NO2 exposure and health data analysis
no2-exposure-and-health-data-analysis.Rmd
This is a vignette for the bspme
package based on
January 2012 daily average NO2 data in Harris County, Texas and a
simulated health dataset.
First load the package and data:
rm(list=ls())
library(bspme)
library(fields) # for spatial distance calculation and covariance functions
library(maps) # plotting tool
data("NO2_Jan2012")
data("health_sim")
The daily average NO2 data are collected from 21 monitoring sites in and around the Harris County, Texas during Jan 2012. We focus on NO2 exposure on a specific date (Jan 10th, 2012) for an illustration purpose. We also consider a simulated health dataset with subject locations and continuous health outcomes.

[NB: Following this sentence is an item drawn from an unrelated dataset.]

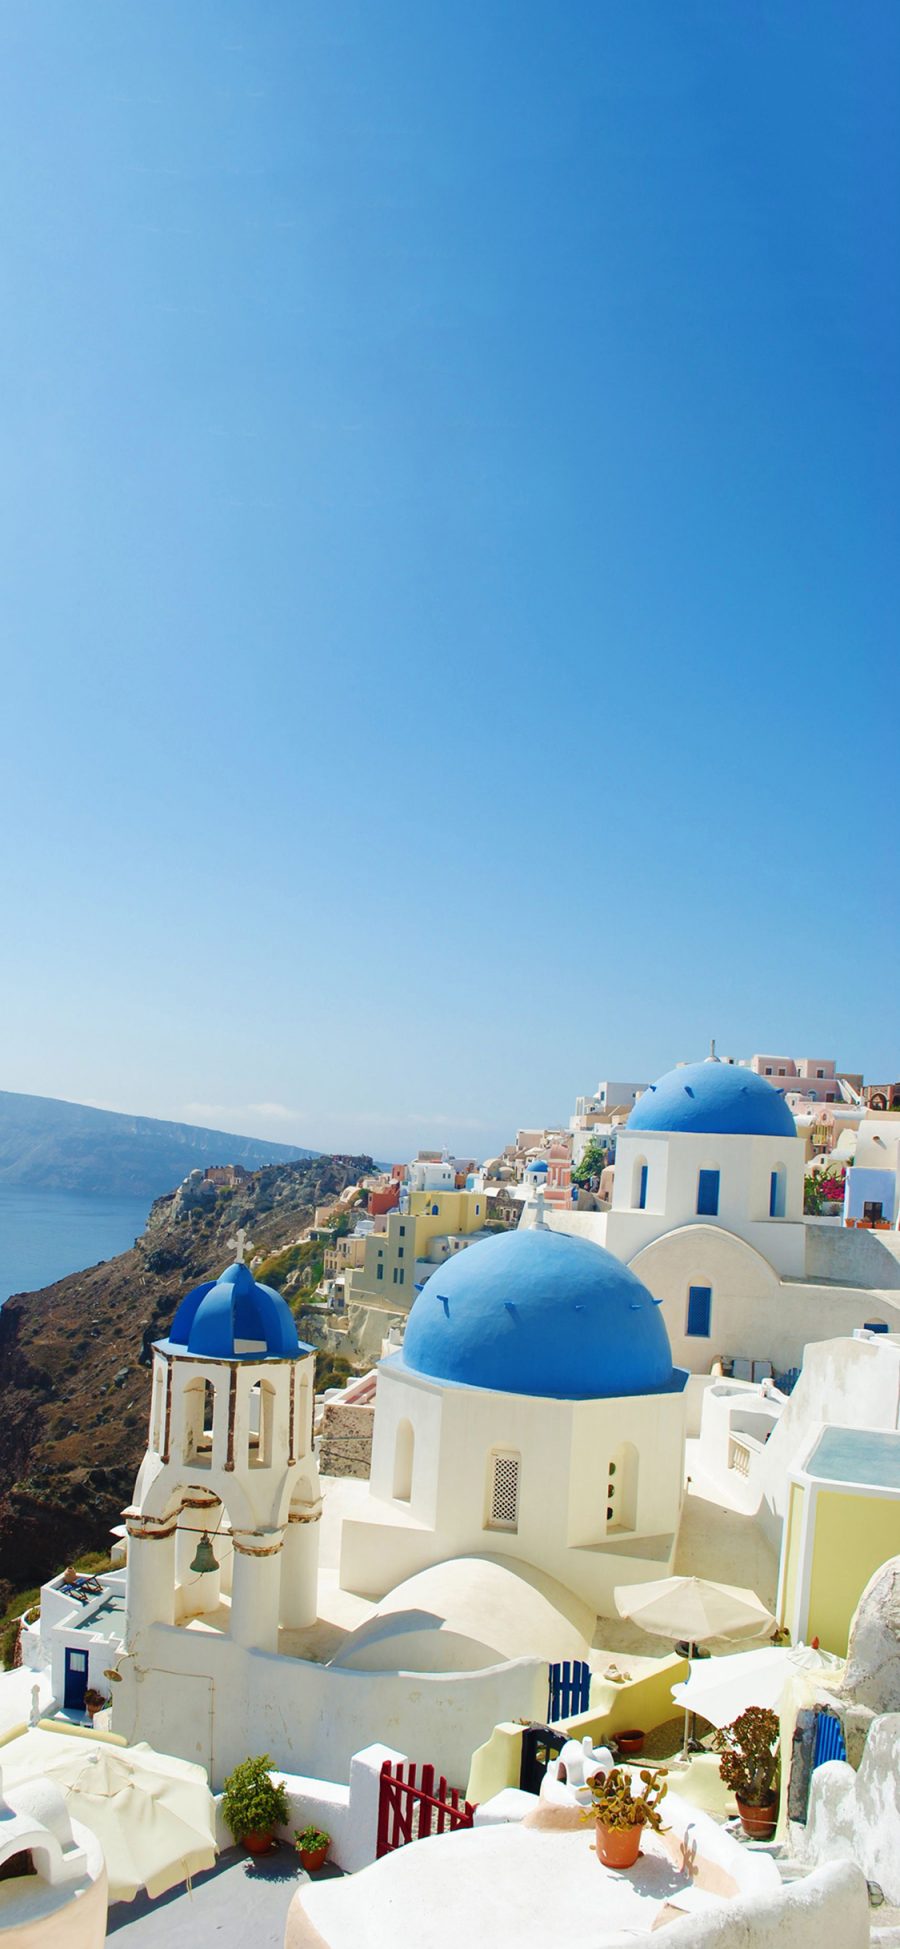 [2436×1125]希腊 圣托里尼岛 蓝白 天空 建筑 旅游 浪漫 爱情海 苹果手机壁纸图片
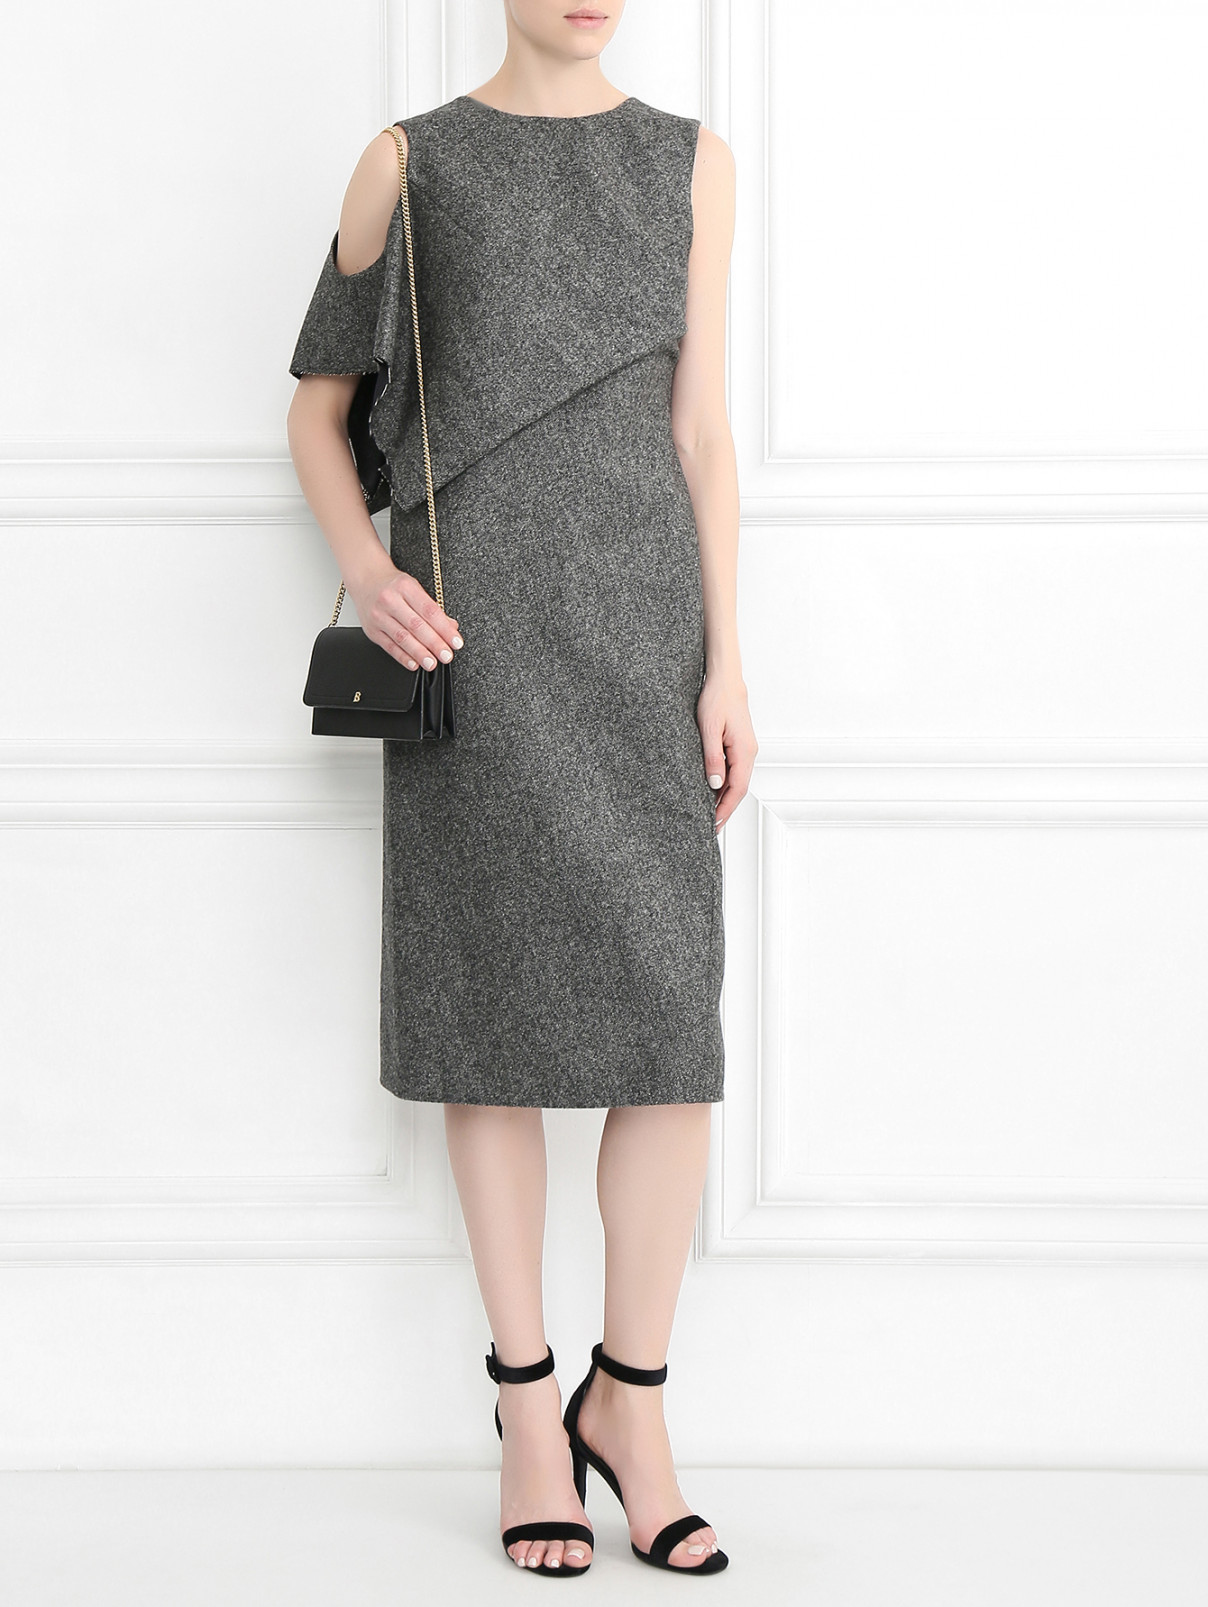 Платье из шерсти асимметричного кроя с драпировкой Maison Margiela  –  Модель Общий вид  – Цвет:  Серый

data_jan10 = NO2_Jan2012[NO2_Jan2012$date == as.POSIXct("2012-01-10"),]
par(mfrow = c(1,2), mar = c(4, 4, 4, 6))
quilt.plot(cbind(data_jan10$lon, data_jan10$lat),
data_jan10$lnNO2, main = "ln(NO2) exposures at 21 monitoring stations",
xlab = "longitude", ylab= "latitude", xlim = c(-96.5, -94.5), ylim = c(29, 30.5), legend.lab = "ln(NO2)")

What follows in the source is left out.